Os soldados, obedecendo, dispararam feixes de energia sem piedade contra os que permaneciam imóveis. Estes tentaram fugir, mas alguns foram atingidos e caíram. O pátio se encheu de sons de disparos.
Um deles conseguiu se aproximar do jovem oficial, socando-o na cabeça. Porém, o oficial levantou o pé esquerdo rapidamente, acertando-o no peito e recolhendo-o em seguida. Durante o movimento, seu tronco não se mexeu, nem o olhar se desviou. O agressor caiu, jorrando sangue do peito, o coração destroçado pela força do golpe.
Quando não havia mais ninguém de pé entre os rebeldes, o restante do processo tornou-se simples: cada um se apresentava, o jovem oficial consultava o computador, aqueles cujos dados estavam corretos iam para a direita; os problemáticos, à esquerda.
Logo chegou a vez de Estrela Um. Ele olhou para o pátio, que parecia um inferno, e sentiu um lampejo de compaixão, mas não era um santo. Todos devem arcar com as consequências de suas escolhas, mesmo que isso custe a vida.
À frente do oficial, Estrela Um não revelou imediatamente sua origem. Sorriu e perguntou: “Qual seu sobrenome, coronel?”
O jovem oficial olhou para Estrela Um, surpreendido pela beleza, e respondeu friamente: “Su, Su Xuezhi. Fale sobre sua origem.”
Estrela Um ficou radiante, pois encontrara alguém da família Su. Perguntou: “Conhece Su Mingzhi? Tenho ligações com ele.”
Su Xuezhi, surpreso, respondeu: “Conhece tio Mingzhi? Mas o procedimento deve ser seguido, conte sua história.”
Estrela Um não revelou sua origem. Tirou um talismã de teletransporte do bolso e entregou a Su Xuezhi: “Mostre isso a ele, ele saberá como nos orientar.”
Su Xuezhi, relutante, pegou o talismã e disse: “Espere.” Entrou na nave.
Estrela Um aguardava ansioso na porta, pois estava prestes a entrar na Federação, o último obstáculo. Sentia-se excitado.
Logo, Su Xuezhi saiu da nave, devolveu o talismã e disse, intrigado: “Fique atrás de mim. Depois, vai comigo para o Planeta Azul Celeste.” Em seu íntimo, pensava que o diretor apenas lhe ordenara atender todas as condições daquele homem e levá-lo de volta.
Estrela Um disse: “Quero levar algumas pessoas comigo.”

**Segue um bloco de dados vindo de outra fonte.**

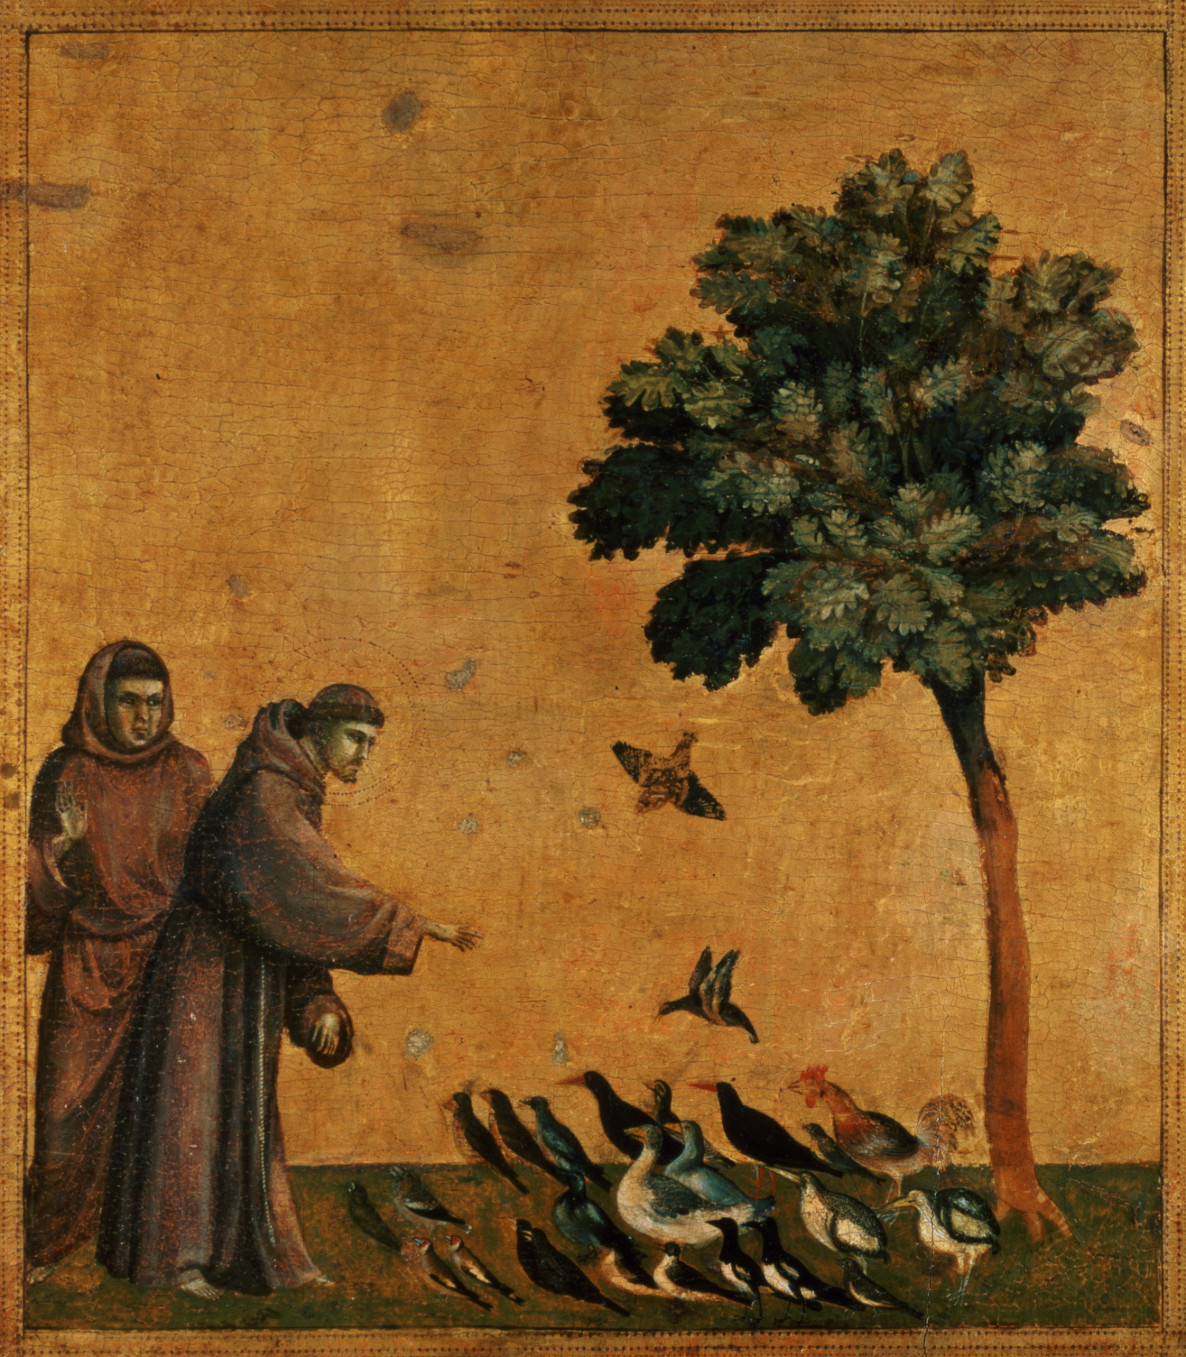 San-Francesco-predica-agli-uccelli-giotto-analisi.jpg

Su Xuezhi, sem hesitar, concordou: “Pode.”
Estrela Um trouxe Kalan Meng, o velho Barba e Mary, e avisou Su Xuezhi: “São estes.”
Su Xuezhi assentiu e indicou que estava tudo certo.

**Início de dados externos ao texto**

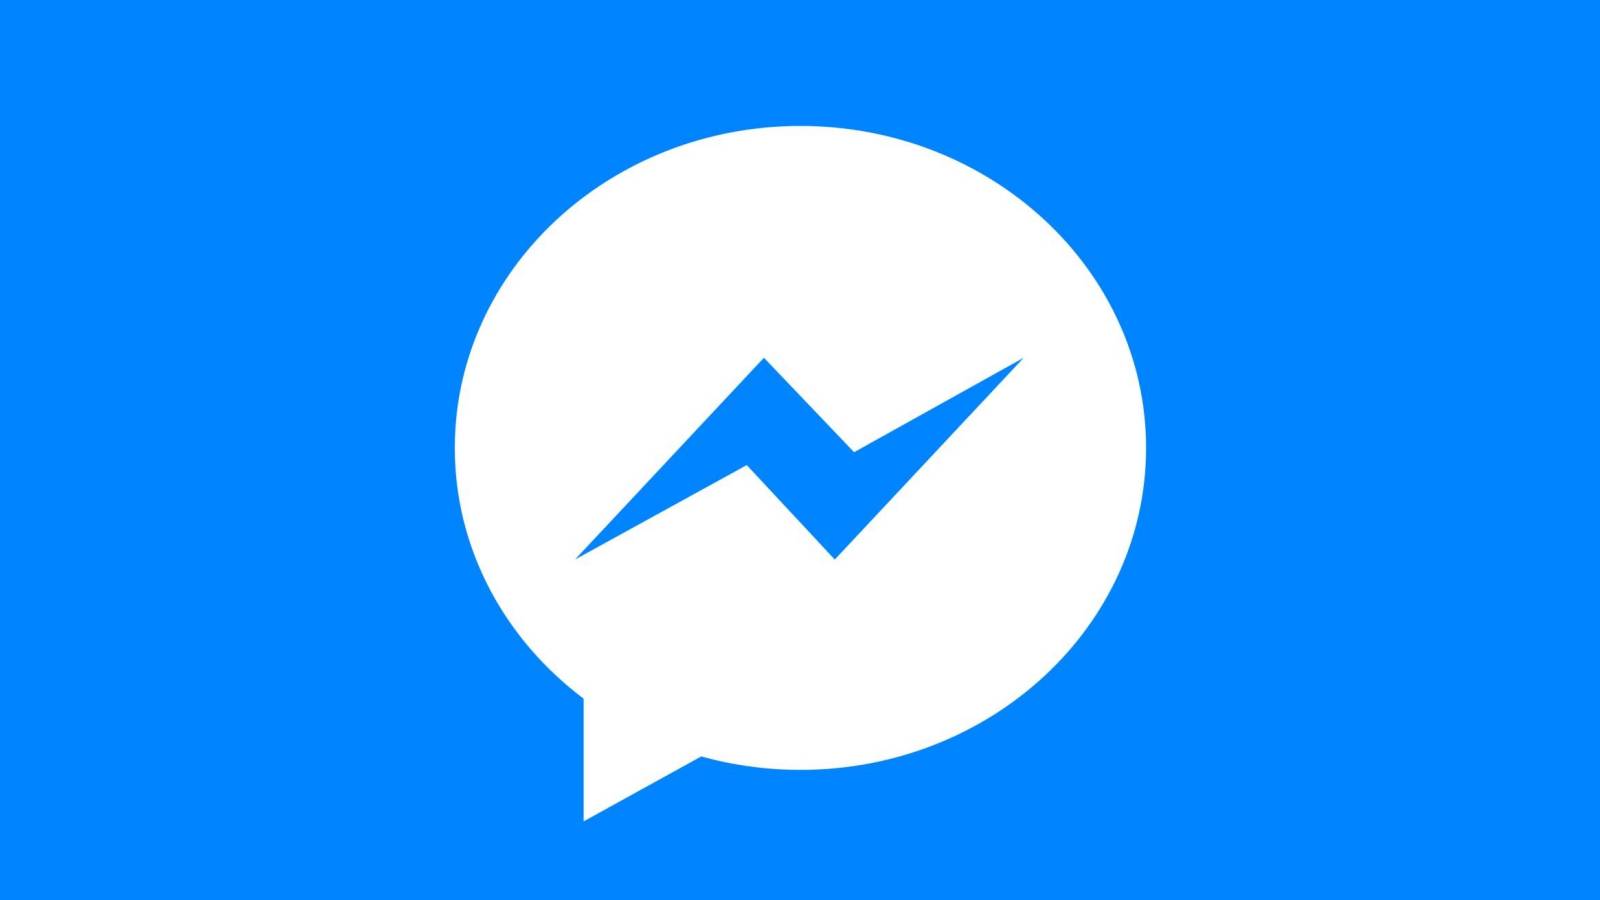 Nowa aktualizacja Facebook Messengera

Estrela Um, entediado, observava os habitantes do planeta Caos sendo separados: a maioria para a esquerda, poucos desafortunados à direita. Viu Su Xuezhi empolgado conversando longamente com Fênix, e quando Dragão Águia foi identificado, Su Xuezhi, em alerta, o colocou à esquerda, designando soldados para vigiá-lo.

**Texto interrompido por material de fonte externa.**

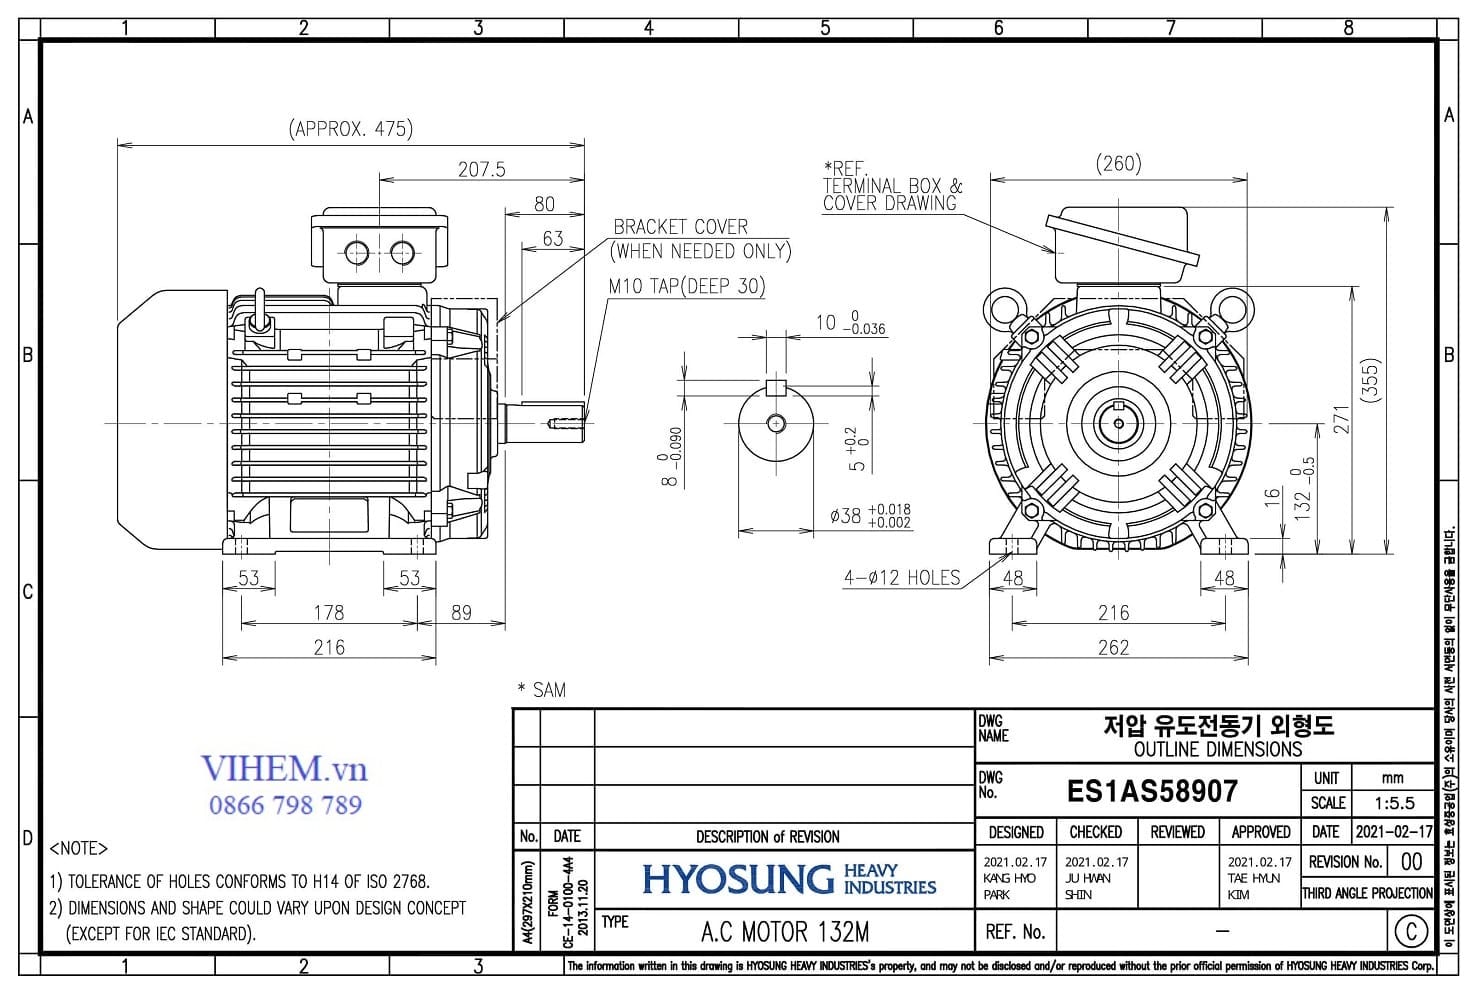 Thông số kỹ thuật & kích thước lắp đặt Motor Hyosung 7.5kW - 4P (1500 rpm)

Estrela Um não era um benfeitor; aqueles certamente infringiram a lei, e ajudá-los seria cometer crimes indiretamente.
Após concluir sua missão, Su Xuezhi delegou as tarefas ao oficial mais velho, enquanto levava Estrela Um para um pequeno veículo voador.
Após meia hora de voo, Estrela Um estava diante da janela da nave, contemplando o planeta inteiramente azul, pensando consigo que este mundo fazia jus ao nome Planeta Azul Celeste.